Fino a nuove disposizioni

Niente più mercato a Melfi, queste le ragioni della sospensione

Firmata ordinanza

Attualità
Melfi martedì 18 aprile 2017
di La Redazione
Mercato © n. c.

Mercato quindicinale sospeso a Melfi. E’ la decisione, inevitabile, presa dal sindaco Valvano che, in una nota pubblicata sul suo blog, ha chiarito le ragioni che lo hanno spinto alla firma dell’ordinanza.

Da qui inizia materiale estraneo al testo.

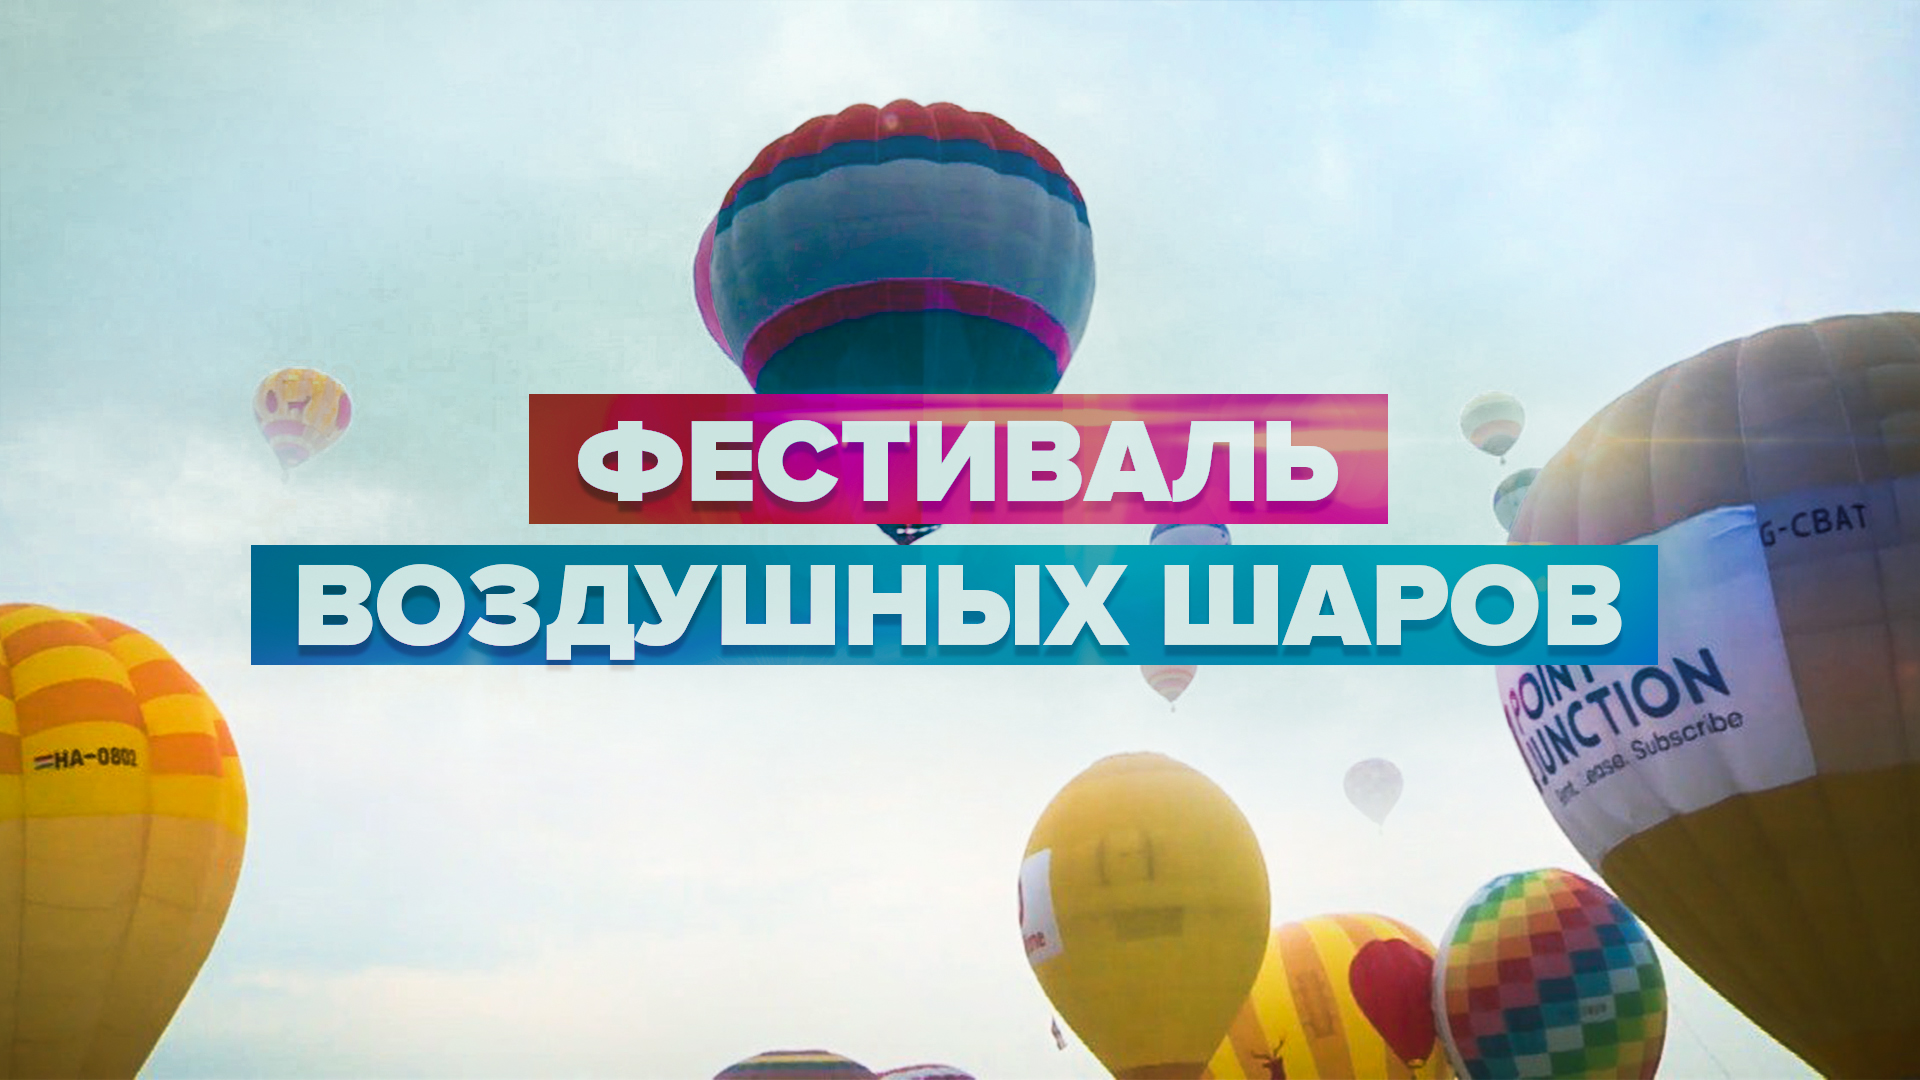 В Дохе прошёл третий фестиваль воздушных шаров — видео

Nulla contro i commercianti ambulanti.

“Premetto – si legge nella nota del primo cittadino - che sono personalmente favorevole e consapevole dell’importanza di questo particolare servizio di cui può disporre la nostra comunità; come amministrazione comunale dobbiamo compiere ogni sforzo per mantenerlo nelle migliori condizioni possibili.

Ciò detto, però, devo constatare che la disponibilità, la collaborazione e la pazienza vengono utilizzate male”.

Sotto accusa il comportamento dei mercatari.

“Non solo alcuni di loro si sono attribuiti i posti a prescindere dai titoli rilasciati dagli uffici (problema che, ripeto, riguarda solo alcuni di loro), ma – ha specificato Valvano - aspetto più grave e non più tollerabile, tutti loro non collaborano per garantire le condizioni minime di sicurezza.

Nel giro che ho fatto, insieme a due agenti della Polizia Locale, ho potuto constatare l’impossibilità assoluta del transito di mezzi di soccorso”.

Nel caso in cui un cittadino si dovesse sentir male nella folla, il soccorso è impossibile".

“Da anni – ha aggiunto - il Comune si fa carico di rispettare le numerose prescrizioni per lo svolgimento delle manifestazioni pubbliche, da anni la Polizia Locale chiede collaborazione ai mercatari, senza alcun riscontro.

Penso che non si possa consentire più di mantenere una condizione di totale dispregio delle norme basilari.

Non possiamo più consentire di legittimare un comportamento egoistico di ognuno di loro che afferma di non avere responsabilità.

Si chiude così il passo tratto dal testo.